To dream the impossible dream(決してかなえられぬ夢を見)
To fight the unbeatable foe(決して倒れぬ敵を向こうに回し・・・)


・・・歌い終えると、深代は少し照れくさそうな顔になって「あのミュージカルには、こんな科白もあるんです。ご存じですか?」といいつつ、さらさらっとこう書いた。

Facts are the enemy of truth(事実は真実の敵だ)

 道半ばにして倒れた深代惇郎を思うときに、まさに「impossible dream」を追い続けた強い意志を、今に生きる我々それぞれがどういうかたちで継承できているでしょうか?

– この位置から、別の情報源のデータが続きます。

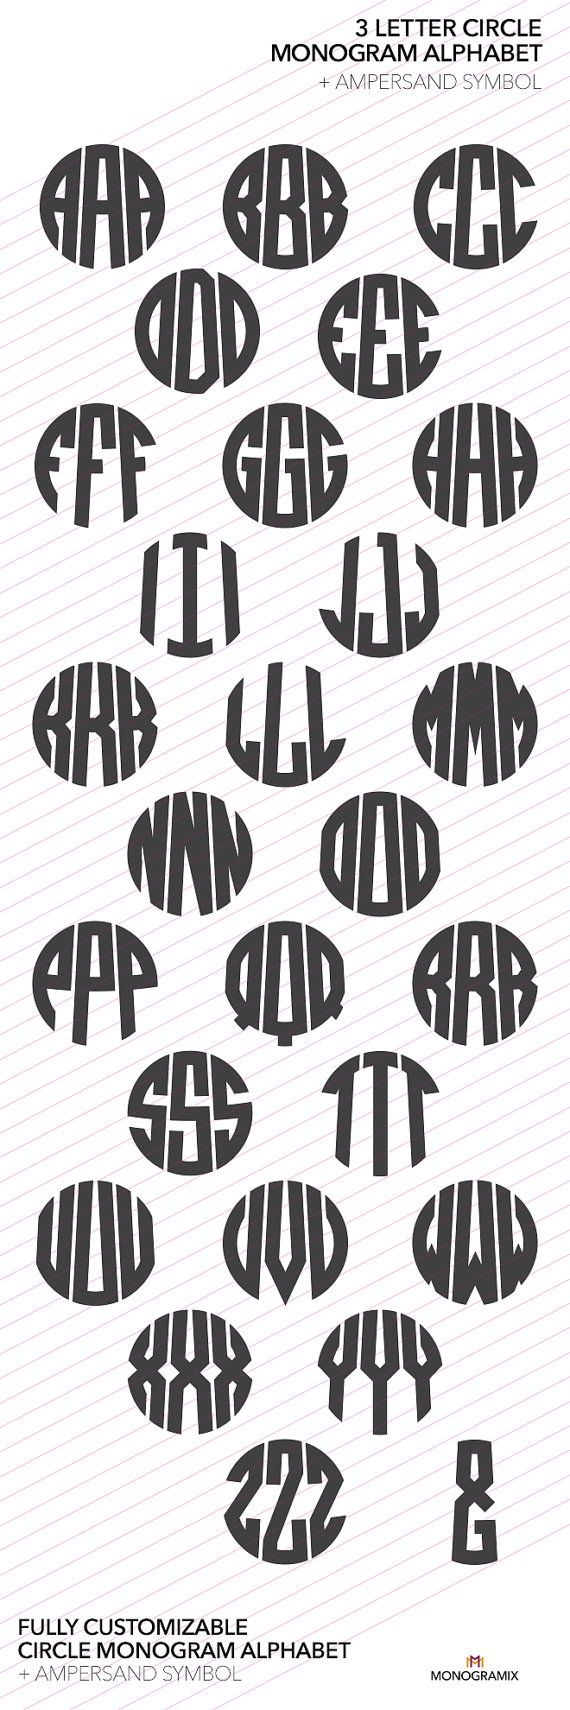 3 Letter Circle Monogram Alphabet Ai Eps Svg Dxf By Monogramix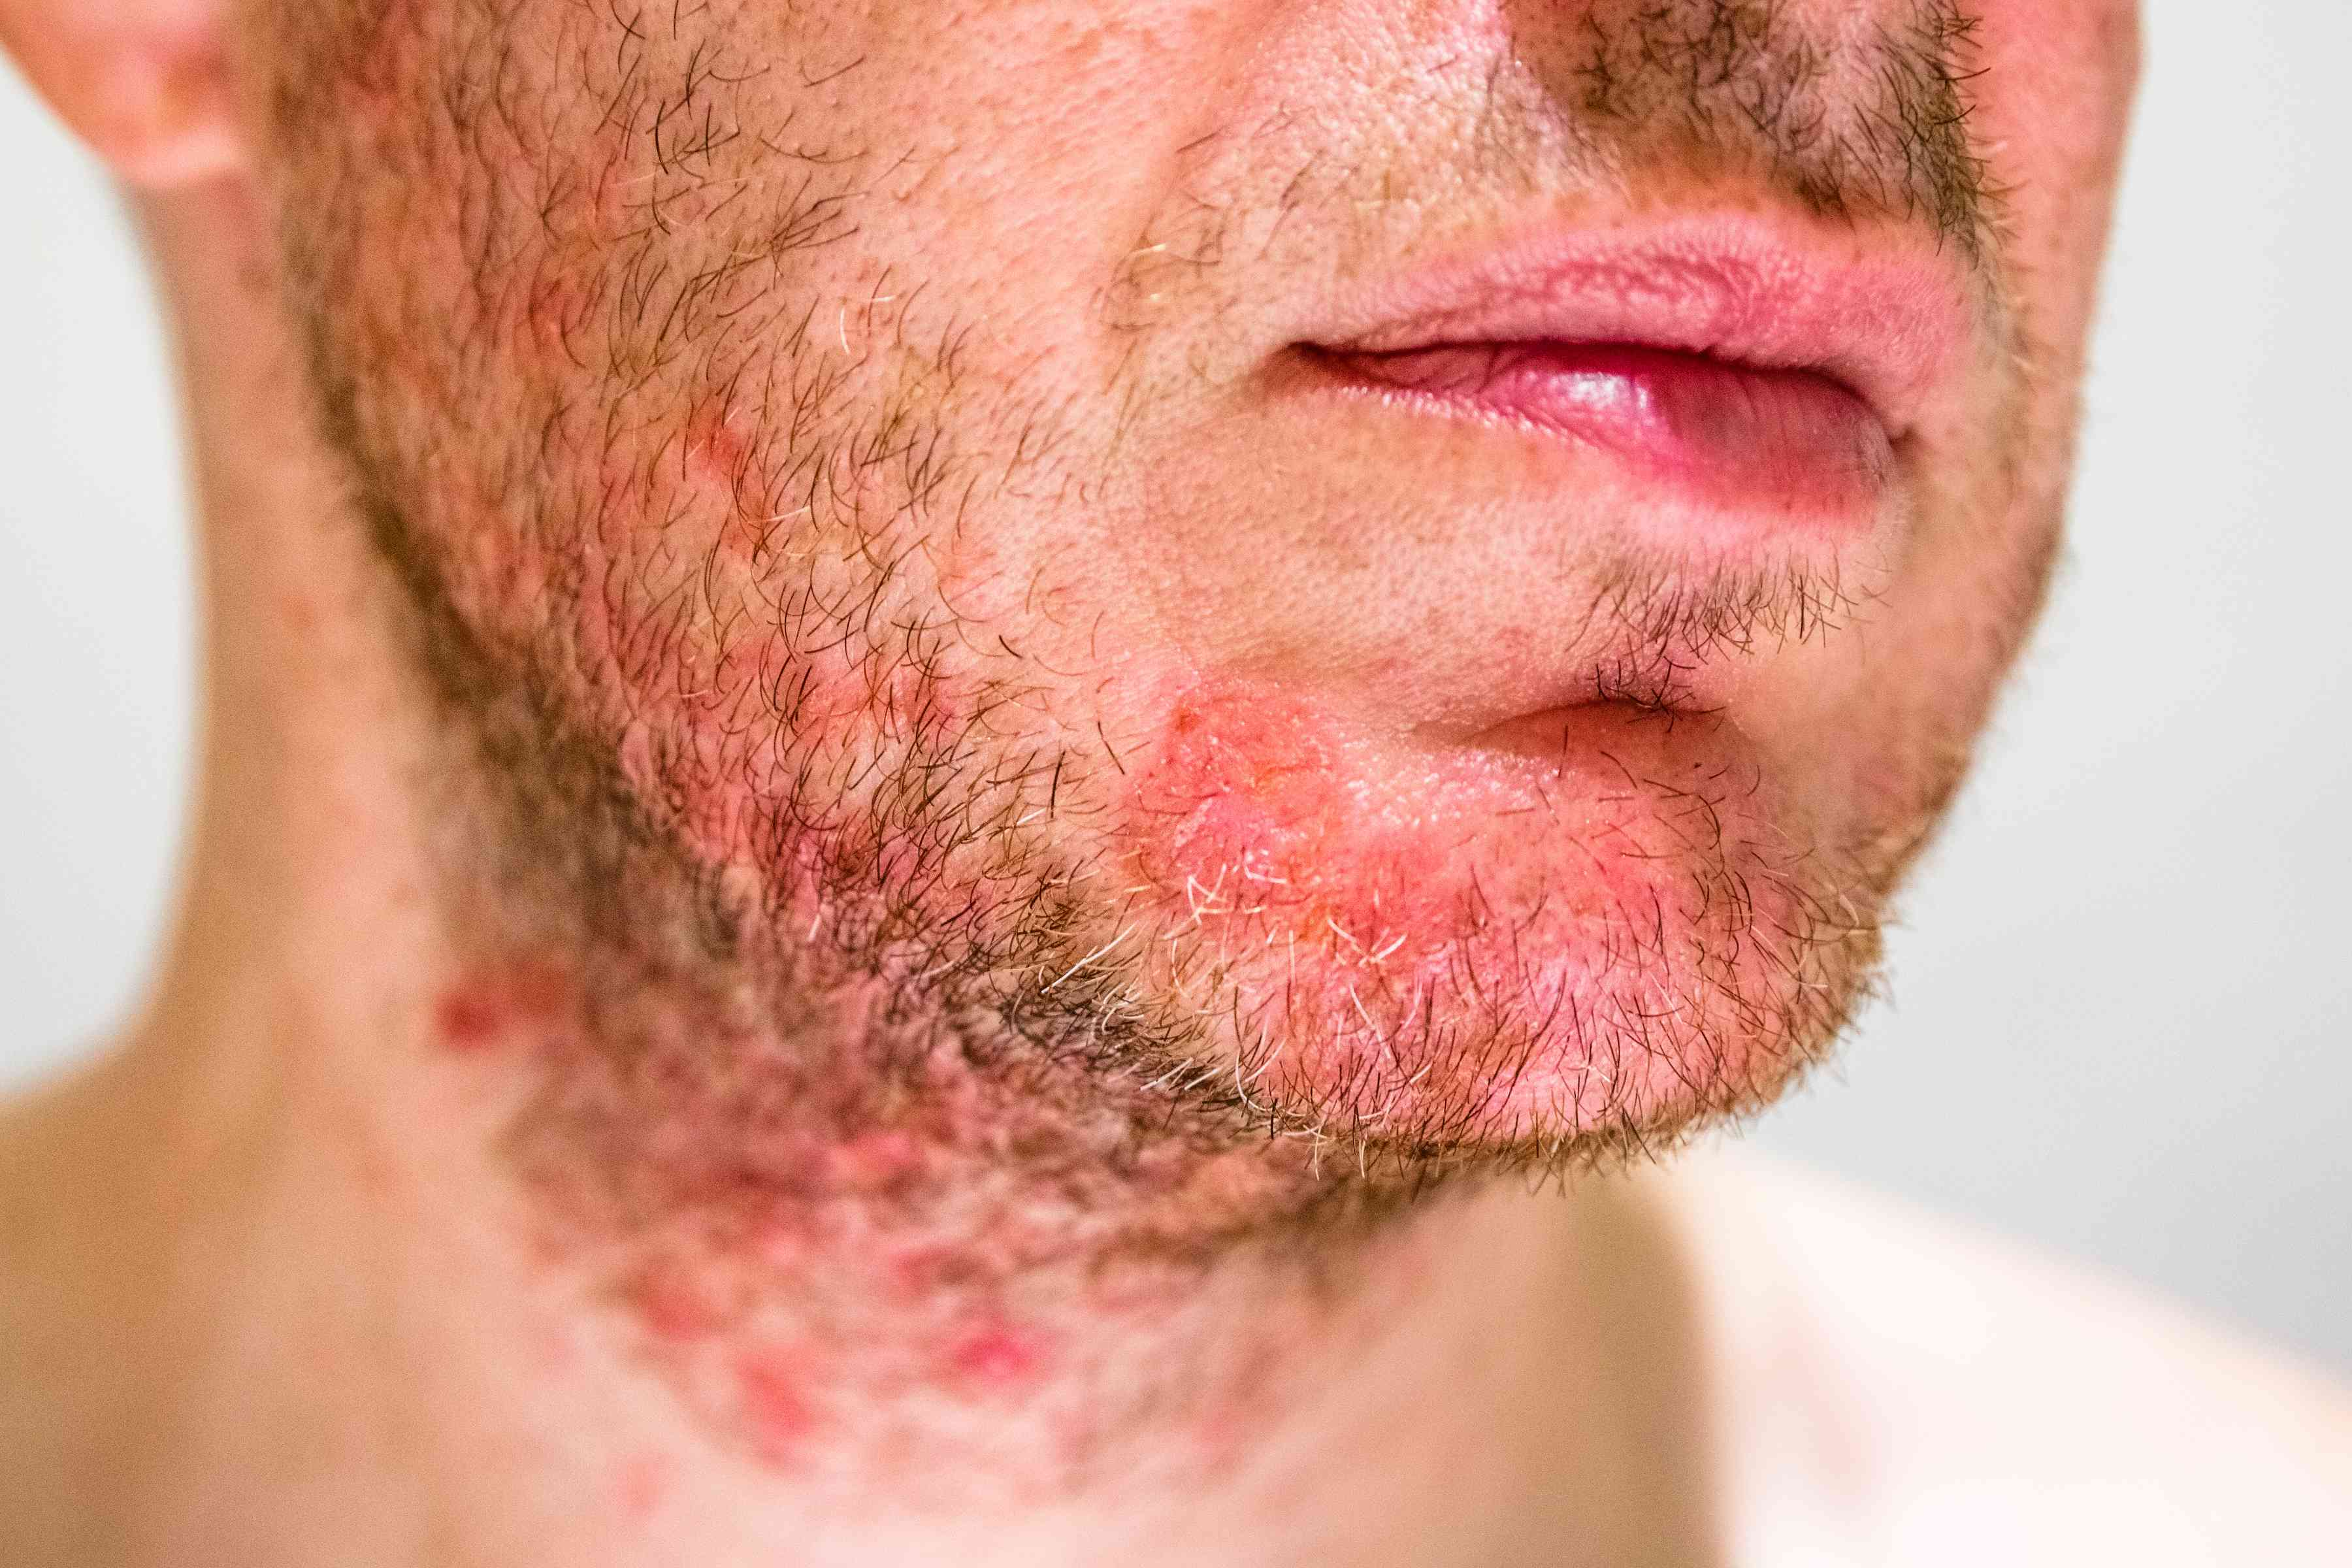 Seborrheic Dermatitis on man's beard

 ある日の「天声人語」には群馬のとある私鉄の駅に掲げられている地元の方の詩を紹介しています。

一陣の風が
通りすぎた
あと
花が
香りを残してゆくような
そんなひとに
逢いたい

 実に感性豊かな人となりであったことが知れます。

 深代さんは、下町の浅草橋育ちで府立三中(現・両国高校)の出身。そんなことからも改めて親しみを感じました。